Sobre Scholze, el jurado explicó que con la creación de la Teoría de los Espacios Perfectoides, un tipo de estructuras fractales que facilita la resolución de ciertos problemas, se abren puertas que permiten pasar de un sistema numérico a otro.

Por su parte, Caucher Birkar, quien huyó de Irán buscando asilo, ha sido reconocido por sus aportaciones en geometría birracional, clave para clasificar variedades de tres o más dimensiones: Fano, Calabi-Yau, y de tipo general (el programa para clasificarlas se llama modelo mínimo).

Para Alessio Figalli, el reconocimiento fue por sus trabajos en optimización de mapas de transporte. “Aunque el término remite a la movilidad de una urbe, esto va más allá pues tiene aplicaciones en economía y en otras áreas. El italiano ha estudiado esto en cristales (los cuales se forman minimizando las energías producidas), el volumen y área de su superficie exterior, cómo se deforman cuando se aplica una energía externa —puede tratarse de calor— y cómo mantienen esa energía mínima”, explica el profesor Elizondo.

Finalmente está Akshay Venkatesh, quien ha sabido aprovechar el conocimiento de diversos rubros como la teoría analítica numérica, dinámica homogénea, topología y teoría de la representación para resolver algunos de los problemas de la matemática actual en áreas como objetos aritméticos y equidistribución. 

A decir de Javier Elizondo, la variedad de intereses de estos cuatro premiados revelan las diferentes formas de trabajar en la disciplina y su diversidad. “Algunos de los galardonados centran su interés en aquello con aplicación en cosas concretas de la vida real y para ello echan mano de diferentes campos.
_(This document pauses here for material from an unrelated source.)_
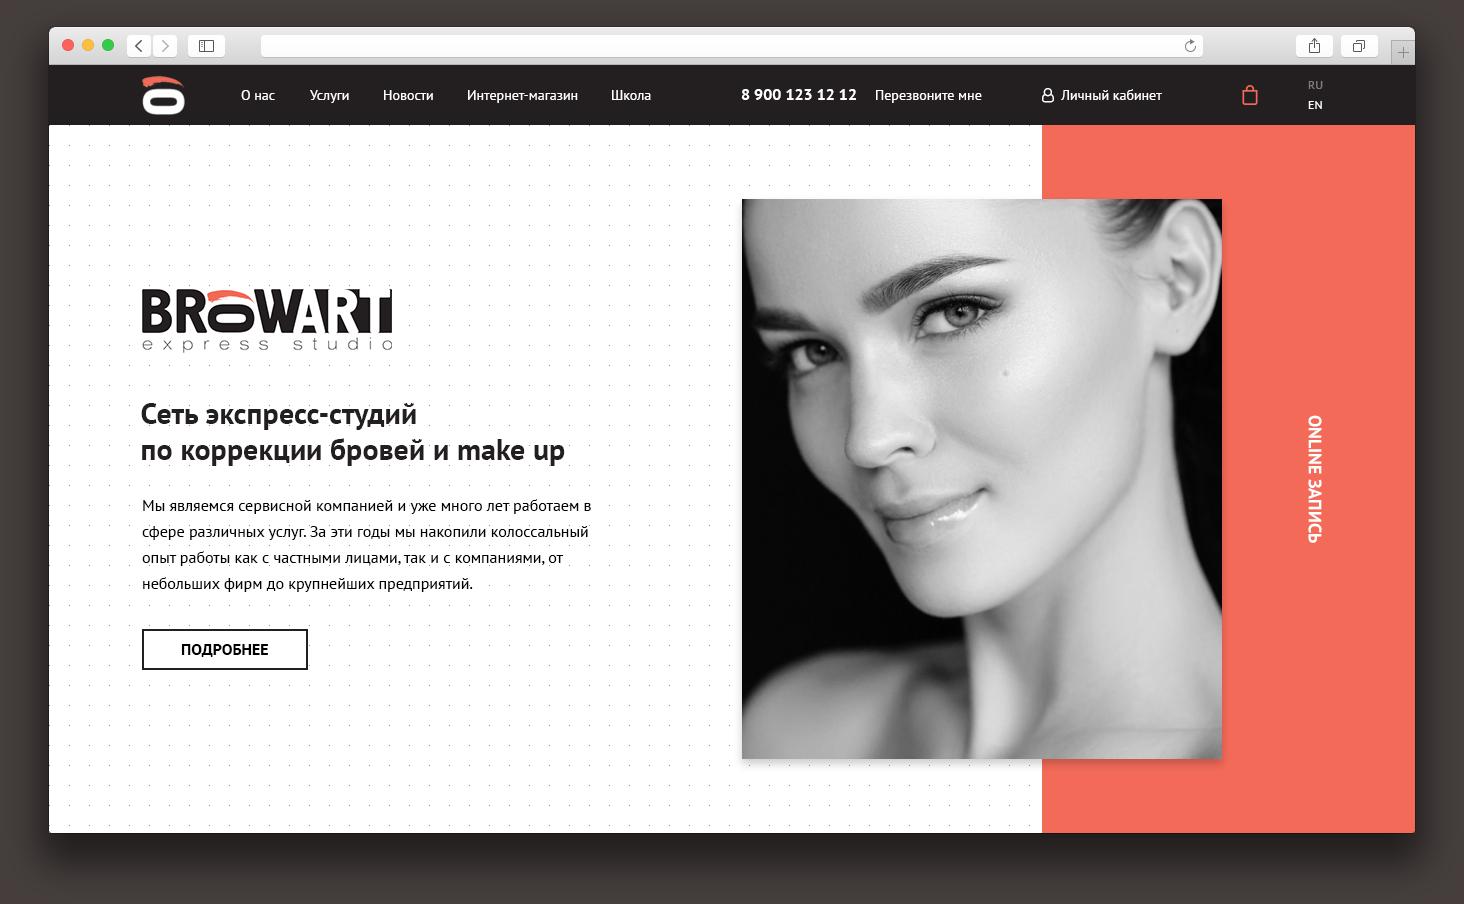 Дизайн сайта на основе готового прототипа-схемы и концепции фото f_5495a268d23d8009.png

Asimismo, hay quienes logran avances desde su especialidad y desarrollan técnicas y cosas nuevas en esa misma área sin usar nada de fuera, lo cual muestra que la riqueza matemática puede ser alcanzada de diversas formas”.

Por lo pronto, el universitario se dice curioso de saber quiénes serán los premiados en la siguiente edición de la Medalla Fields y él, al igual que sus colegas, tiene ya a sus favoritos, aunque se reserva el pronóstico. “Pero sí puedo adelantar que, sin importar los ganadores, el anuncio mostrará dónde están los problemas principales de las matemáticas, cuáles son los problemas de vanguardia importantes (o dónde están las nuevas olas, parafraseando a mi maestro) y eso, al final, arroja un poco de luz sobre a dónde vamos”.